Banks like bridge loans as they are short in duration and come with fees – they do not have to keep the credit on their books, which they have to hold capital against, whereas one-time fees from the bridge loan issuing and the subsequent share or bond offerings are pure revenue coming in the door.
To protect the bank, should equity or bond offerings fail, bridge loans have provisions that make the interest rate go up the longer it is outstanding – compensating them for their risk.
Loan Syndication for Bank Debt – Bilateral Facilities, Club Deals, Syndicated Loans
Depending on needs, corporates can have a very narrow to very wide bank syndicate for providing funding.
On one end, a corporate can engage with one lender only in a bilateral transaction. As these are negotiated between two private parties – the borrower and the financial institution – terms and pricing (the interest rate) are more flexible than in a syndicated facility. For creditworthy customers, the interest rate will likely be lower than using a syndicated facility. For less creditworthy customers, they may not even be able to do anything other than a bilateral deal with strict terms.
Bilateral facilities are usually constrained by size. For larger acquisitions, only the largest banks can afford to foot the bill for the entire deal size due to internally imposed risk limits for exposure to a single entity.
However, for acquisitions that come with substantial capital markets activity and necessitate raising public debt and equity later, investment banks may be eager to cut the entire cheque for the lion’s share of fees from DCM, ECM and M&A.
Bilaterals, since they do not need to be coordinated with multiple lenders and law firms, can move much more quickly than anything syndicated. With a bilateral loan (or sometimes a club deal), an acquisition can be closed fairly quickly. A good example of using a bilateral loan in this manner is Canadian Natural Resources’ acquisition of Devon Canada’s assets, where they received $1 billion dollars from a bank to effect the transaction in short order.
Club Deals – Syndicated Loans
Club deals are medium size loans where borrowers usually tap their core bank group (main 3-5 relationship banks) for loans. Pricing and terms may not be as low as for a negotiated bilateral agreement, but are generally a few basis points off of a syndicated revolver. Often, club deals will be put together when there is already a large syndicated revolver and companies do not want to go back to all of their banks for additional credit.
Although the administrative agent (bank that coordinates activity between the borrower and the rest of the syndicate) for the main syndicated loan will often also serve as the administrative agent for the club deal, all banks will be much more involved in this financing and will usually all be given Joint Bookrunner or Joint Lead Arranger titles for league table credit.
Global Syndicated Loans
Large syndicated loans with various banks are the standard for transformative transactions and all participants big and small will result in some sort of fee revenue via DCM, ECM or trading products. Pricing is also most standardized – so borrowers will expect to pay what other recent BBB+ comparable companies in their industry group priced at for similar acquisitions recently.
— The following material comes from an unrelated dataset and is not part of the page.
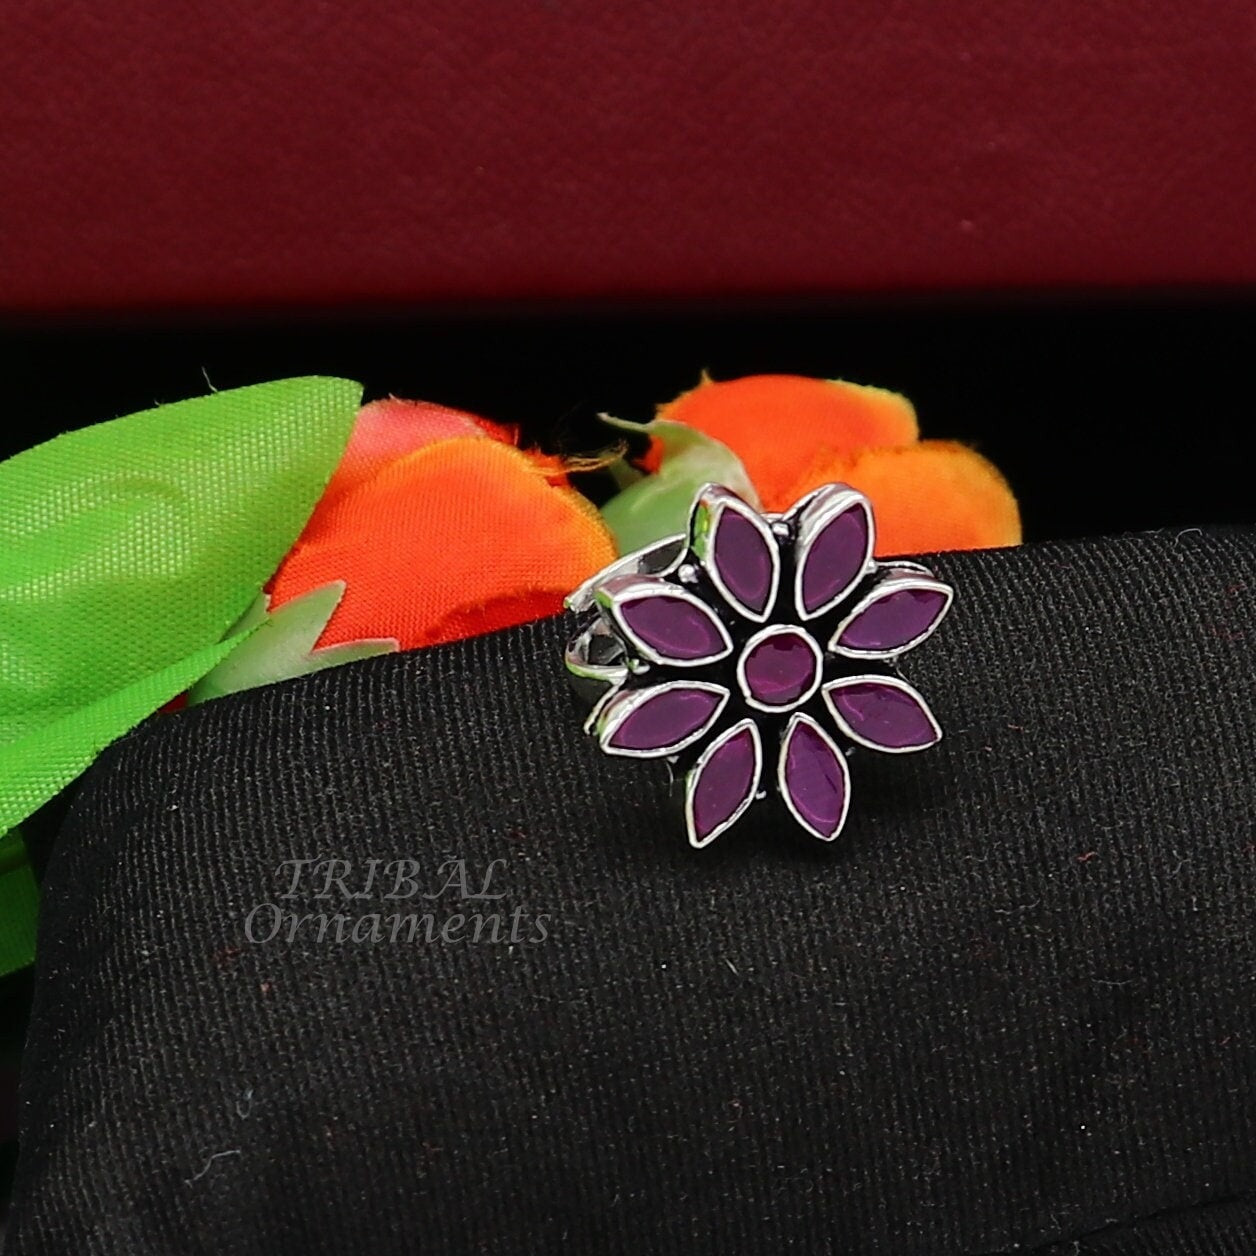 925 sterling silver handmade cut stone purple red flower design ring adjustable for all sizes best girl's gifting fashionable ring sr349 - TRIBAL ORNAMENTS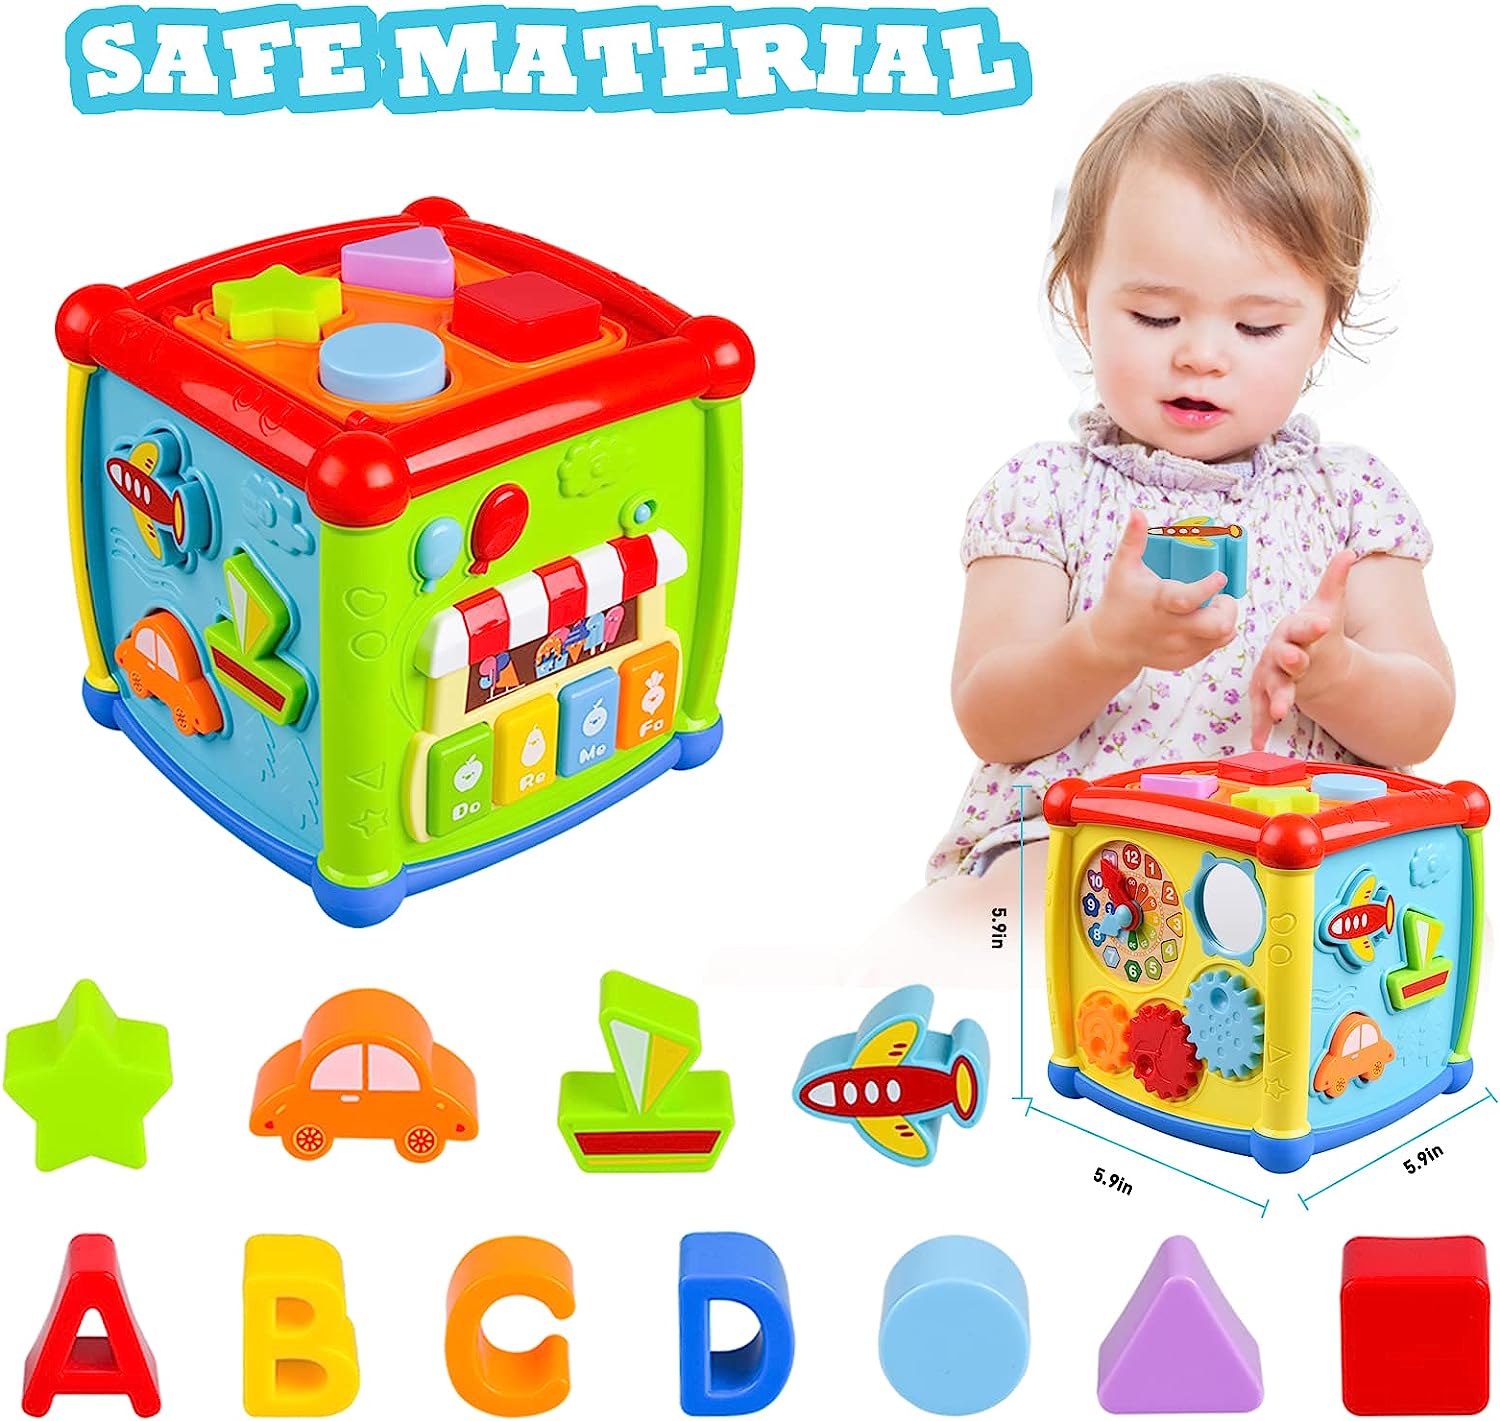 Activity Cube Baby Toddler Toys for 1 2 3 Year Old, 6 in 1 Educational Toy, Music Enlightenment, Letter Learning, Shape Sorting Game, One Year Old Birthday Gifts for Boys Girls

The administrative agent (the bank that coordinates activity between the borrower and the other lenders) takes on a very active role here and may receive additional fees to the other borrower for this service, although it is sometimes thrown in for free as the administrative agent is usually going to be taking an outsized proportion of the other investment banking revenues.
The largest syndications can have something like 50 banks committing to lending up to 5 years.